#### Task prompt:
Could you transcribe exactly the lines below, from the line with "Barcelona Messi Soccer" through the line with "Lavane DB knitted", and nothing else, leaving out the pictures?

#### Data records:
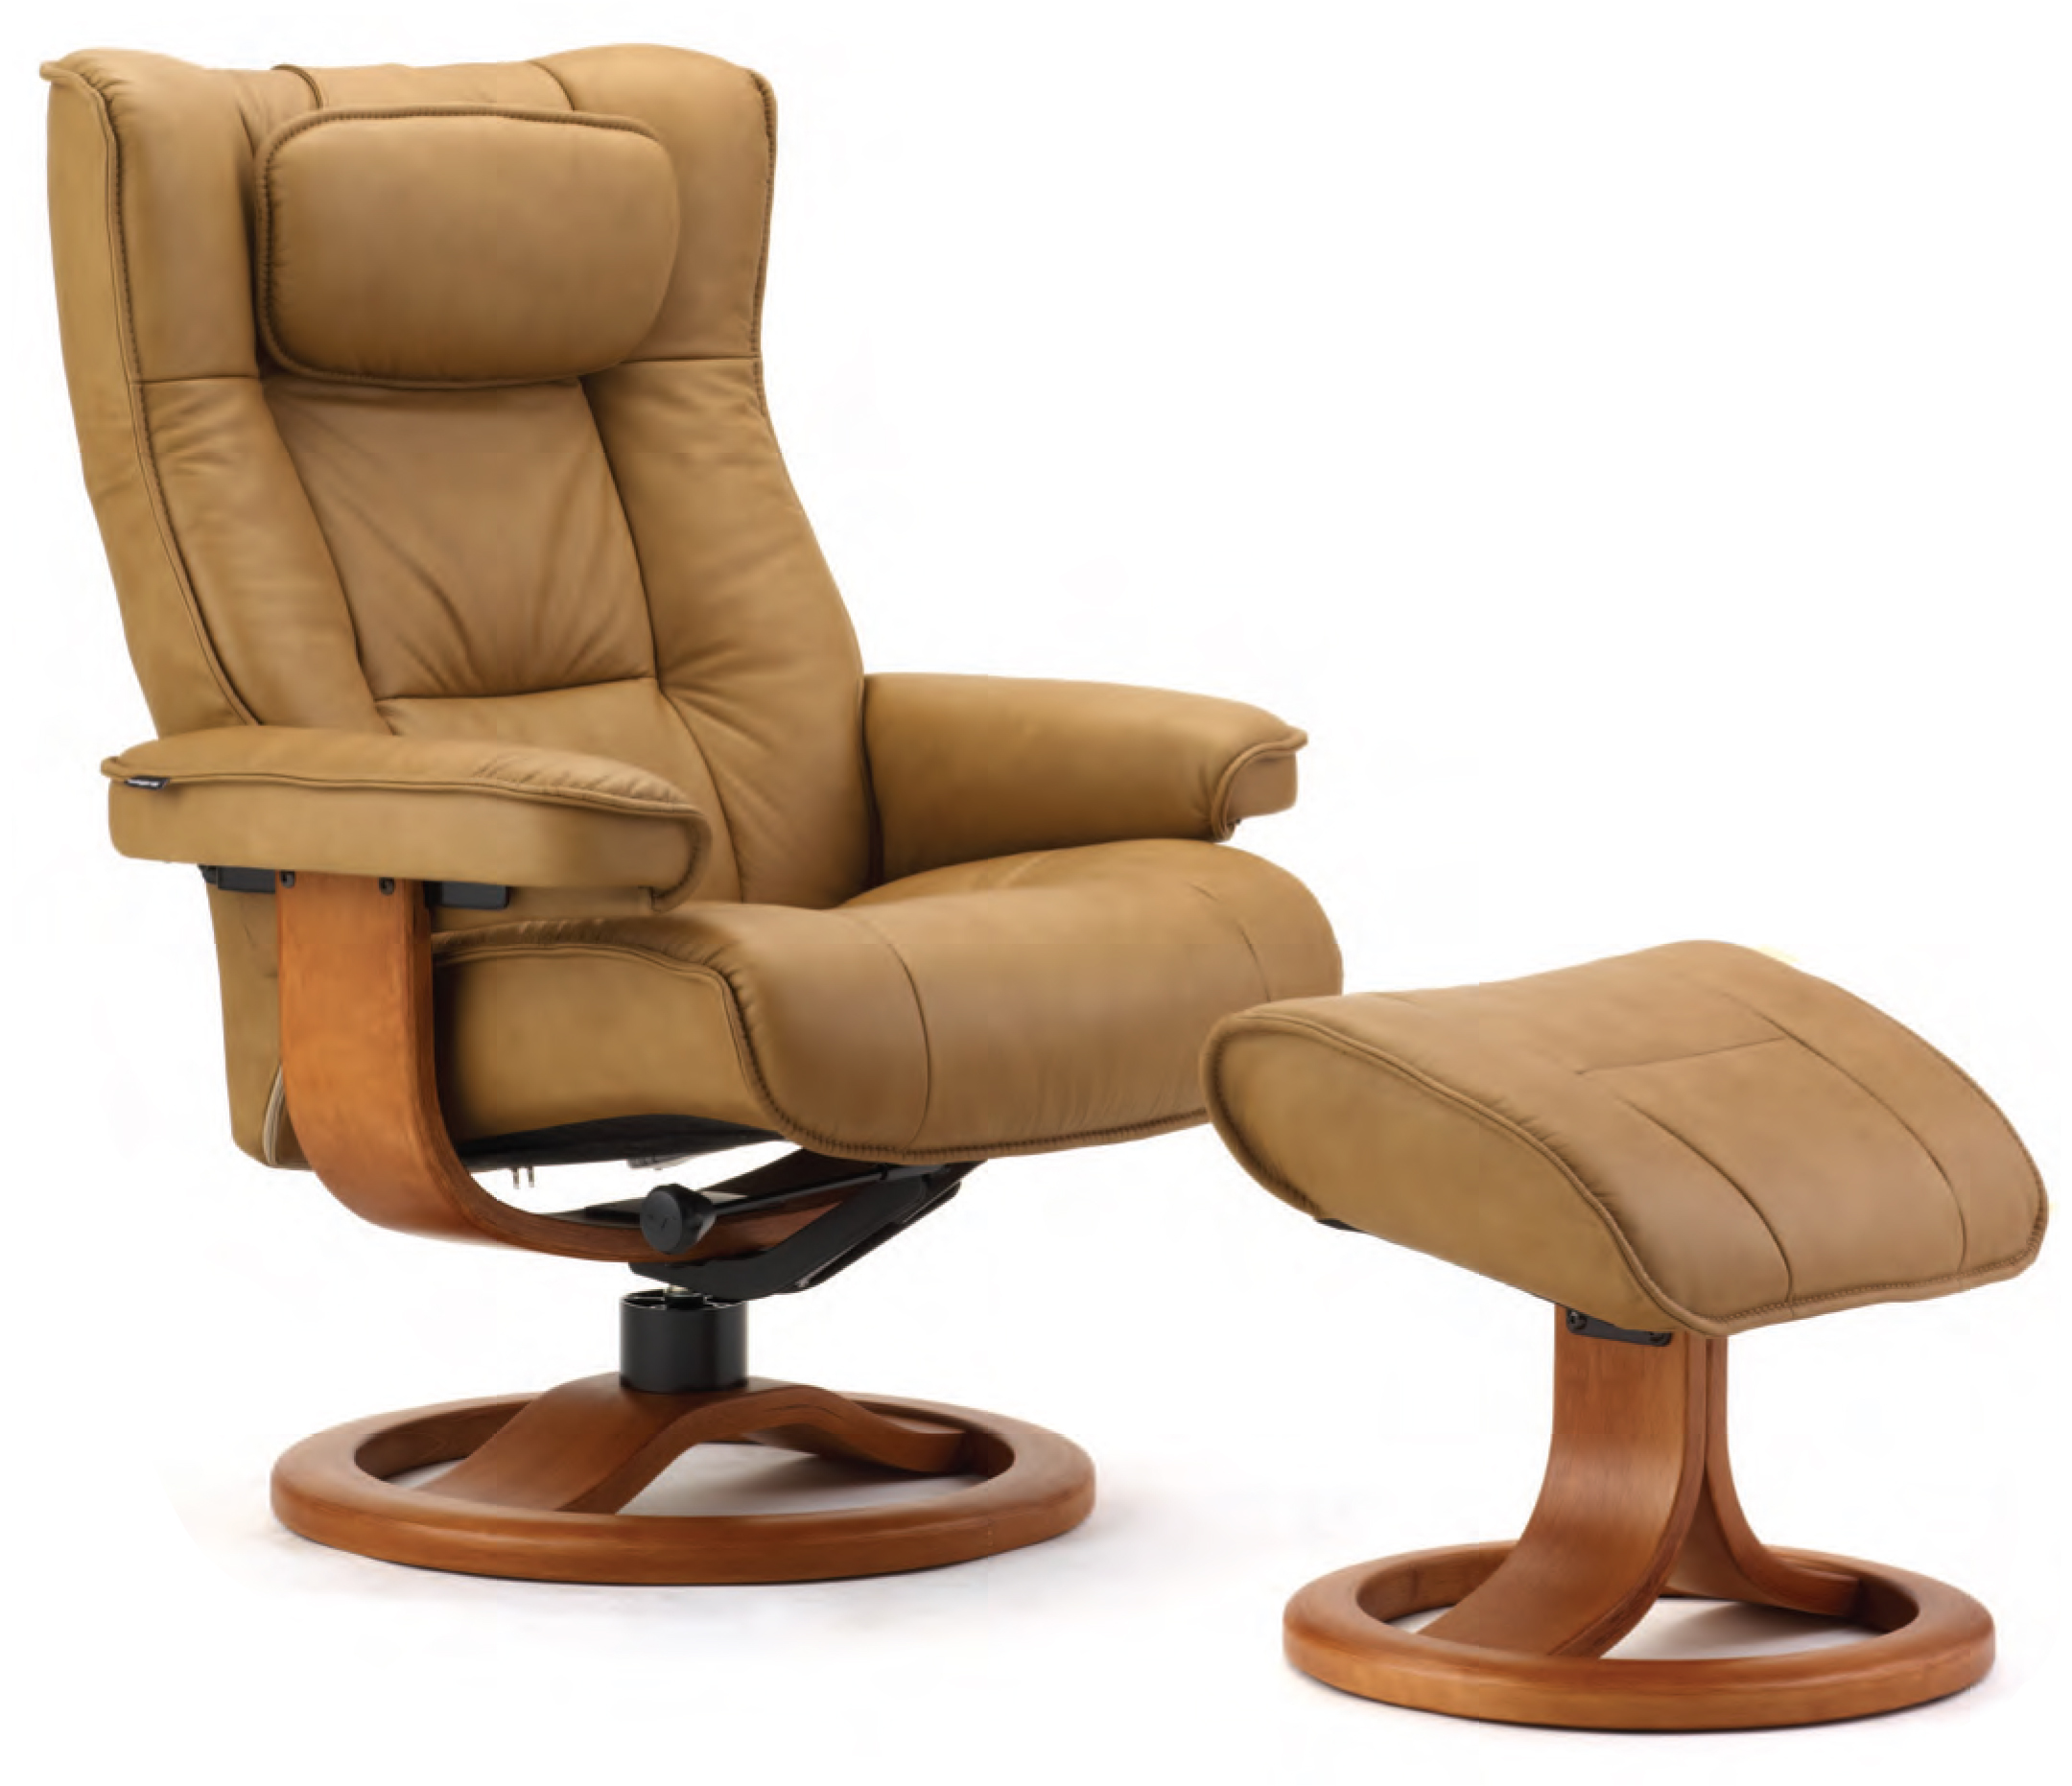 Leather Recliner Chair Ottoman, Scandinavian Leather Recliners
* * *
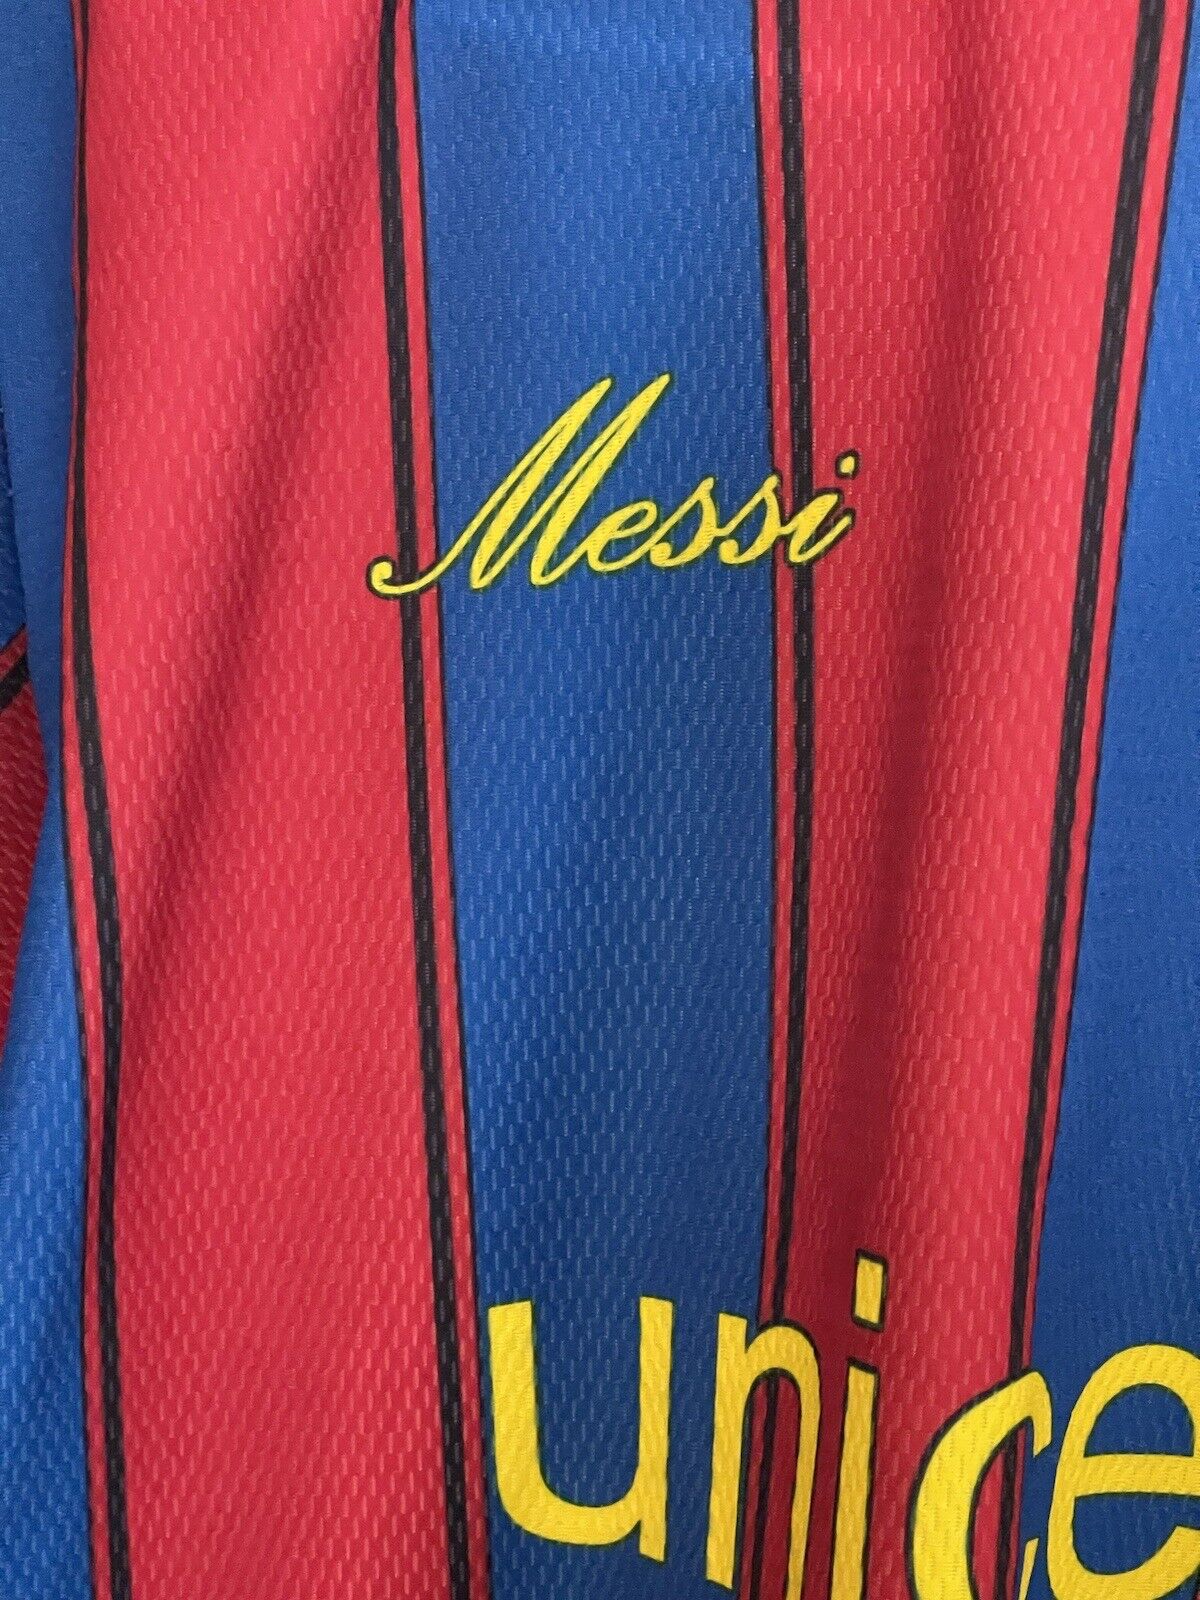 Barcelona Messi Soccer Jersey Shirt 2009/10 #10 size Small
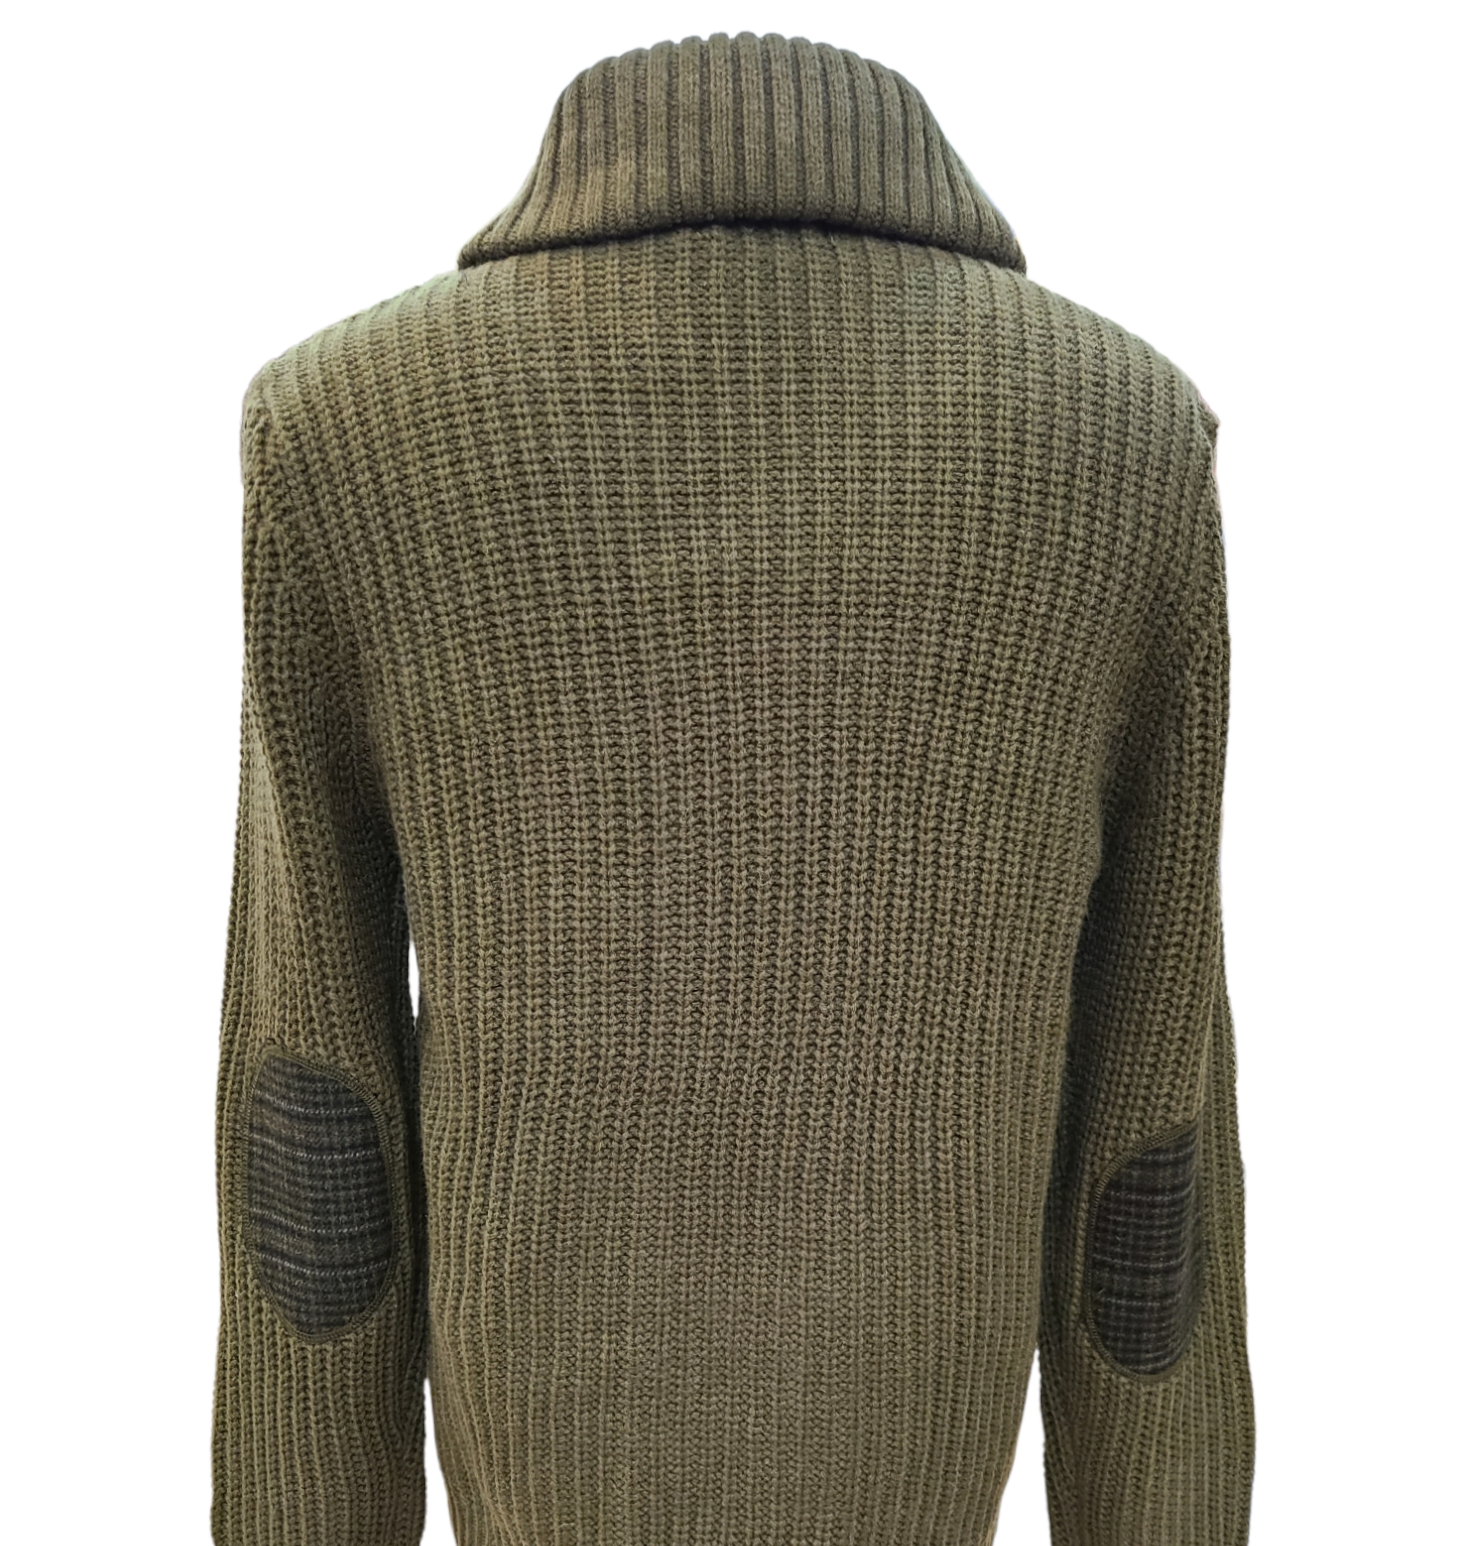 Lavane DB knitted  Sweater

#### Result below:
 Barcelona Messi Soccer Jersey Shirt 2009/10 #10 size Small
 Lavane DB knitted  Sweater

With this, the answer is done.